The well-known name at the final table was the 2015 Latin American Poker Tour (LAPT) Bahamas Main Event winner, Josh Kay, who finished third. Earlier this year, Kay bubbled the $10k WPT Seminole Hard Rock Poker Finale event.
And Eric Bunch rounded off a fantastic Choctaw Festival with a sixth place finish, a few days after finishing 4/3943 in the $1m GTD Monster Stack.
Other notables to run deeper that beetroot stains on white satin, included Blair Hinkle (16th), Giuseppe Pantaleo (17th), and the man who now knows how to play poker a little faster, Jordan Cristos (20th).
Lee also banked a $15k seat into the WPT TOC and a Hublot Big Bang Steel watch. His victory gives him an early lead on the WPT POY Leaderboard with 1,200 points. It’s worth remembering that the current WPT POY, Benjamin Zamani, began his fabulous season with a runner-up finish in the WPT Choctaw event.
The event attracted 924 entrants.
Final Table Results
1. Jay Lee – $593,173
2. James Hutton – $366,895
3. Josh Kay – $270,801
4. Michael Stashin – $202,617
5. Paul Fisher – $153,508
6. Eric Bunch – $117,761
And what was the player feedback like after the first WPT Main Event to include the Action Clock?

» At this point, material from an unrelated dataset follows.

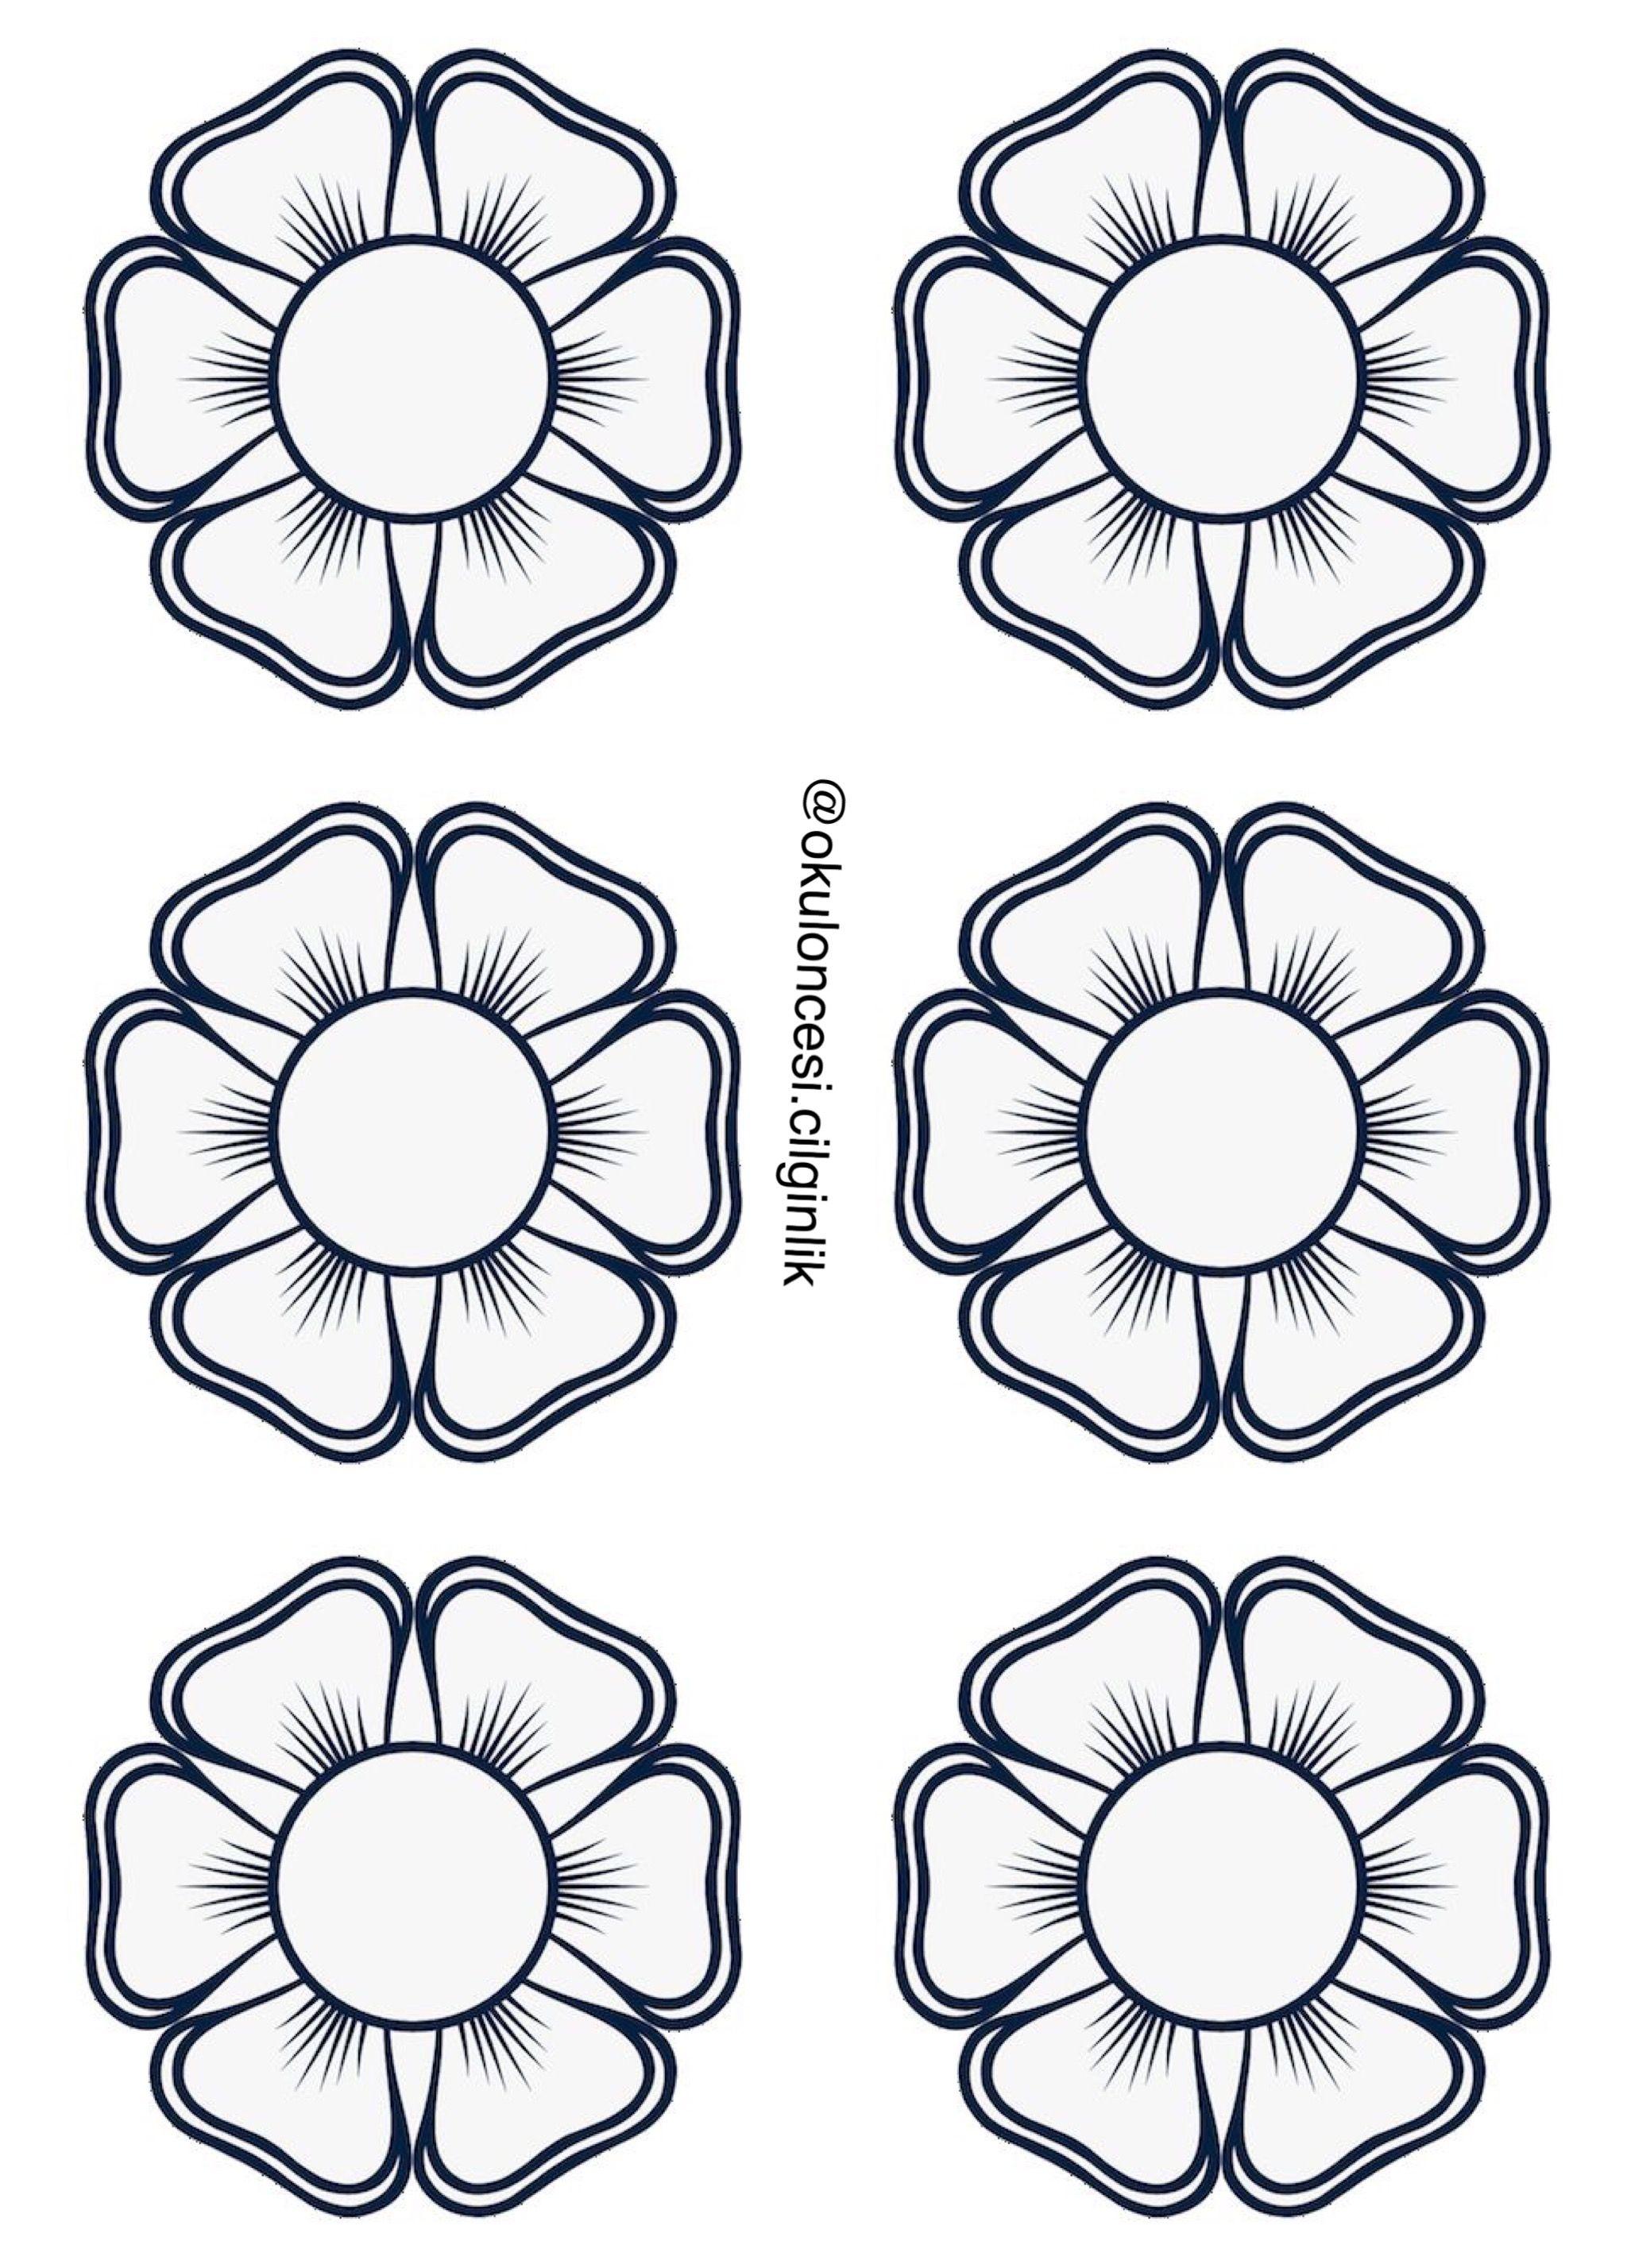 Basak Unluer Ozberk Adli Kullanicinin Florile Primăverii Panosundaki Pin Boyama Sayfalari Desenler Cicek

“Player feedback was great, and the most common suggestion was to start using the clock sooner and players accruing time extension chips if unused as players were given four chips at one table outside the money, six chips at 24, and eight at the Final Table,” said Savage. “I am pleased with the first run on the WPT Main Tour and look forward to the next stop at the Legends of Poker in Los Angeles.”
The Legends of Poker takes place August 25-31, 2017, at The Bicycle Hotel & Casino in Southern California.